On Tuesday, I went back to the plastic surgeon for another fill in my tissue expanders. He was pleased with the way my incisions are healing and gave me 60ccs in each side. I took a muscle relaxer and a pain pill prior to my appointment and Scott's Mom was here to watch Annabel. That fill really wasn't too bad. I was in pain, but nothing like the two fills prior. When I got home, I laid down and fell asleep for 3 hours! It was a good thing that Mimi was here. My plastic surgeon suggested that we try to do two fills per week until we decide that I am big enough (and then one more after that). I made an appointment for Friday. I only needed pain medicine on Tuesday to get through that fill. I took Advil on Wednesday and was still in a little pain, but it was definitely manageable.
On Friday, my appointment was at 8am. Mimi had plans on Friday, so we took Annabel with us to the doctor and she and Scott waited for me in the lobby (and then in the car). Based on my experience from Tuesday, I was sure that I could handle spending the day with Annabel by myself. WRONG. My plastic surgeon is concerned that my left expander doesn't look big enough to have as much saline as he has put into it. He told me that he wants me to keep an eye on it and he and his nurse will look when I go back on Monday. If he thinks that it isn't holding fluid, he said that we are going to have to have a very unpleasant conversation....meaning that I will have to have surgery to replace it. I am hoping that he is wrong and that it is just the difference in the way the sides are filling up, but now I'm paranoid that it does have a slow leak (which he said was pretty uncommon). He also gave me double the amount for my fill. OWWWWWWWWWW. I thought I was a rock star since I recovered so quickly from the last one. I knew right away that I was going to be in a lot of pain. Scott had meetings scheduled all day Friday and has missed enough work lately, so I knew I was going to have to tough it out. I was loaded up on pain medicine and counteracted it with an extra large Dunkin Donuts coffee. Annabel got out her art box and we colored together and she was very helpful and agreeable, thankfully! I was really in a lot of pain and Scott's mom and dad ended up coming up to get Annabel and take her home with them. After she left, I got in bed and stayed there all night until this afternoon. It hurts to move! Bad! I ended up missing Mario's birthday dinner and fun last night because I knew I would be in excruciating pain if I did anything but lay very still. Again, I hate to complain so much, but it really does hurt. Any movement hurts, including breathing. Seriously, breathing hurts. The good news is that if everything goes well (no leak), I should only have to have one or two more fills.

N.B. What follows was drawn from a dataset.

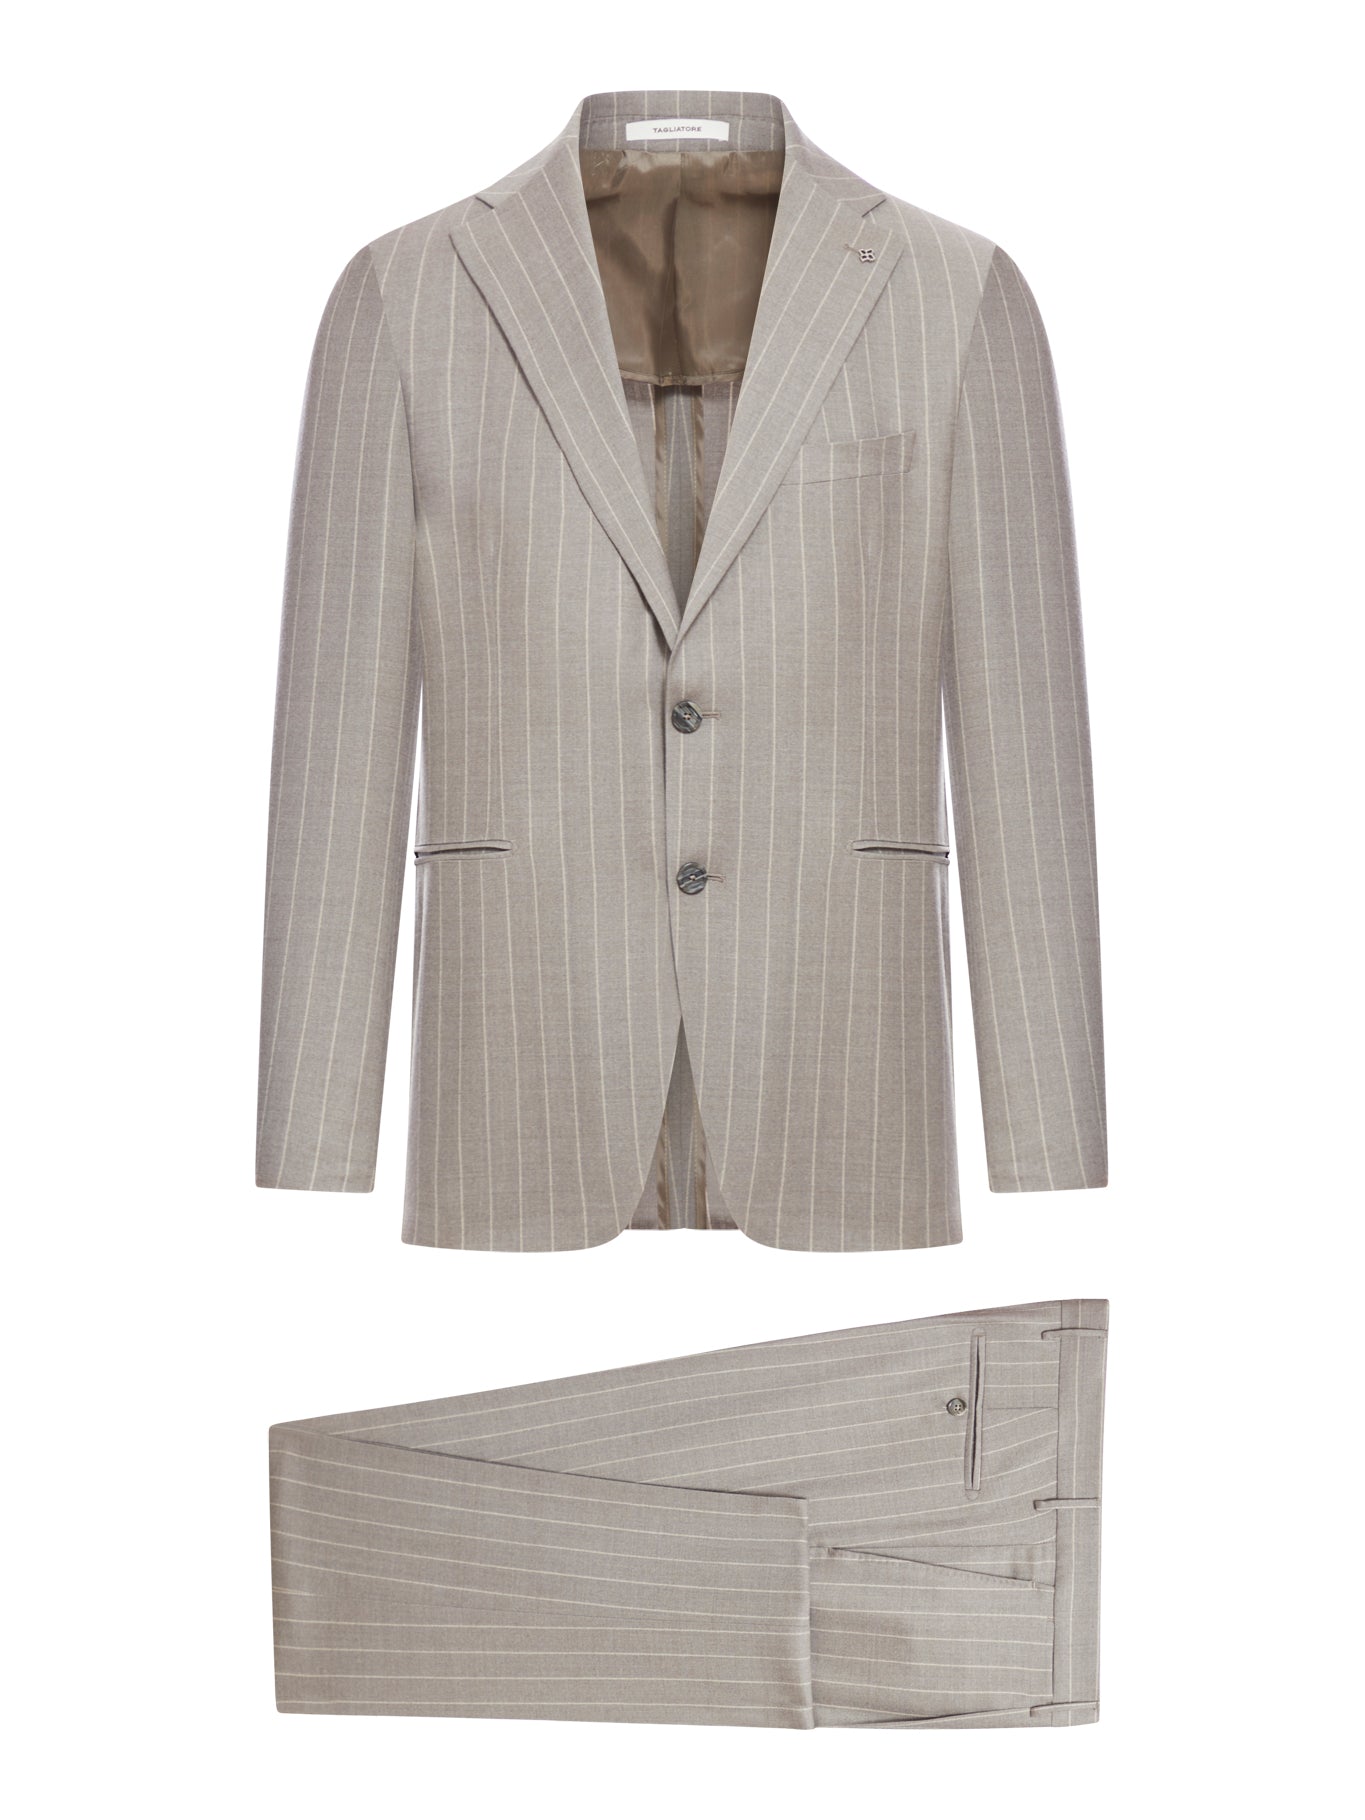 Tailored suit in pinstripe fabric
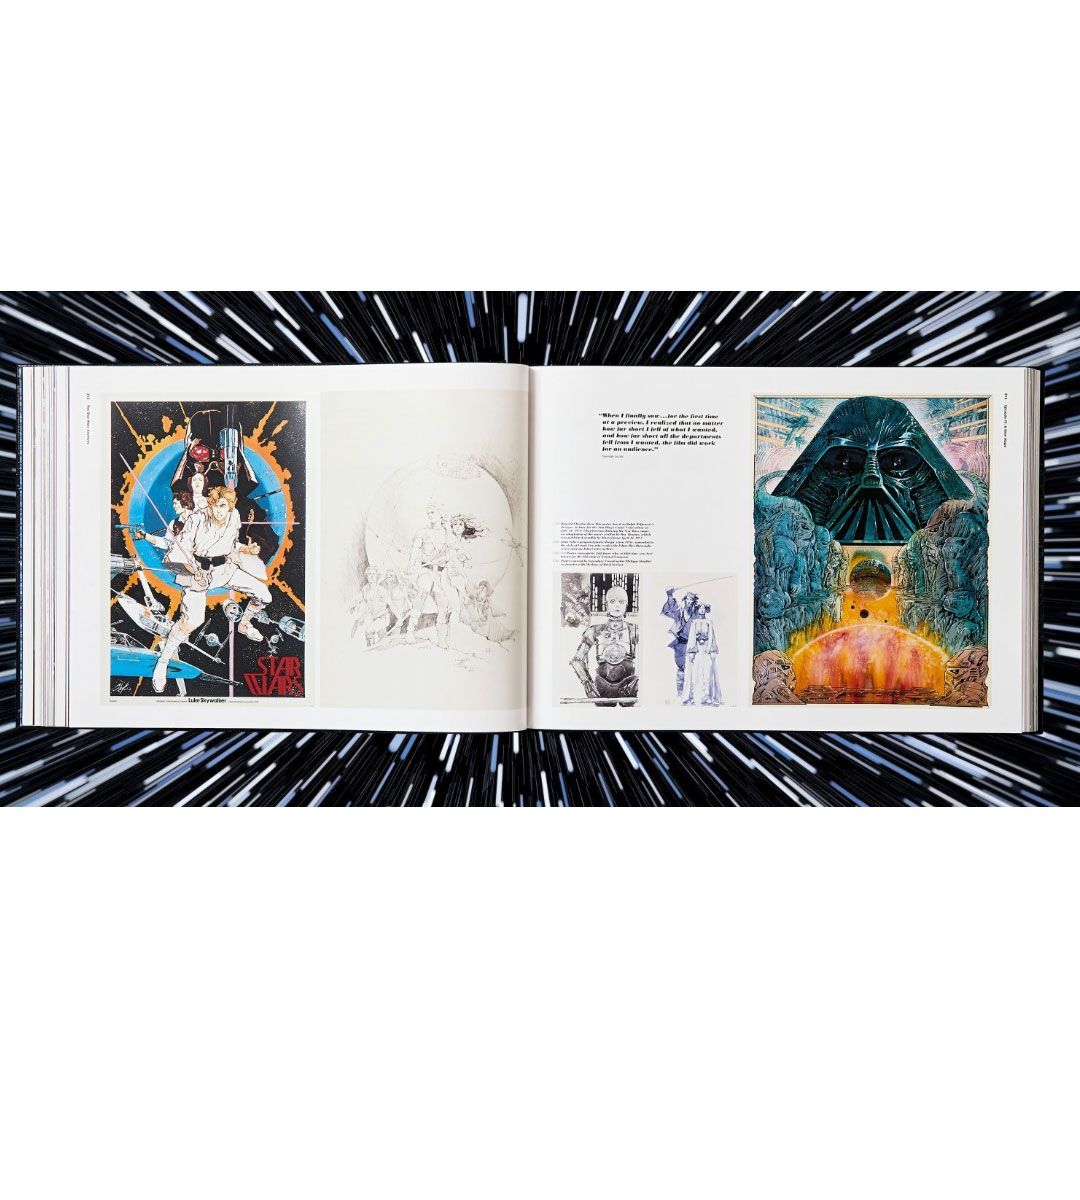 Les Archives Star Wars 1977-1983

This part of my "journey" has been especially difficult. When I was on chemo, I was too tired and sick to be mad or annoyed. Now I have a little more energy and I don't deal well with physical pain, so I am really cranky that I can't do more and that I am laid up because of these expanders. I also don't tolerate pain medication very well, it seems. I have been drifting in and out of sleep since yesterday and when I'm awake, I get frustrated and annoyed very easily. I am blaming the medicine because I know that plays a big part in it.
I have mentioned before that I am doing a clinical trial. The next phase of the trial is 10 more treatments of Avastin over the next 30 weeks (once every 3 weeks). Clinical trials have rules about everything and the rules of the trial are that I have to start it no later than 6 weeks after my surgery. Another rule is that I can't start it until two weeks after my last expansion. We (my oncologist, me & my plastic surgeon) can't get an answer from the clinical trial nurse as to why I can't have expansions while I am getting the Avastin infusions. It is one of those "rules" things and as far as the clinical trial goes, that is that! Anyway, the deadline for me to start back up is the 25th. I am not sure what will happen with the trial if I have to have surgery to get this tissue expander replaced. I may be ineligible to continue. That would definitely make the decision for me. Avastin is a wonderful drug for cancer patients, but I don't think they know whether it prevents recurrence. I guess that is why I'm on the clinical trial.
I hate cancer. Really. I have been having a hard time the past few weeks because prior to surgery, I considered that to be a major milestone in my treatment. And while it was a major milestone, I have so much treatment left to do. Now that the chemo fog is lifting, I want to do MORE...I want to get Annabel out of the house and around other kids again. I want to be social again and take some weekend road trips. Stuff like that, but I don't really have the energy yet.
Not much else going on here. It was a wonderful holiday season and I was sad when Scott had to go back to work last Monday. It was really nice to have him home for most of December! For the last 20 years, I have had our annual family ski trip to look forward to after the holidays, but we are not going this year. I will miss it so much, but I know that it would have been hard for us to make it with all of this cancer stuff still going on. I am sure it will be that much better next year!
Oh, the picture was taken last week before we went to dinner to celebrate Scott's birthday. I have been going hatless, but since it's cold out, I wear a hat until I get hot. I will have to include a hatless picture next time. My hair is finally growing back!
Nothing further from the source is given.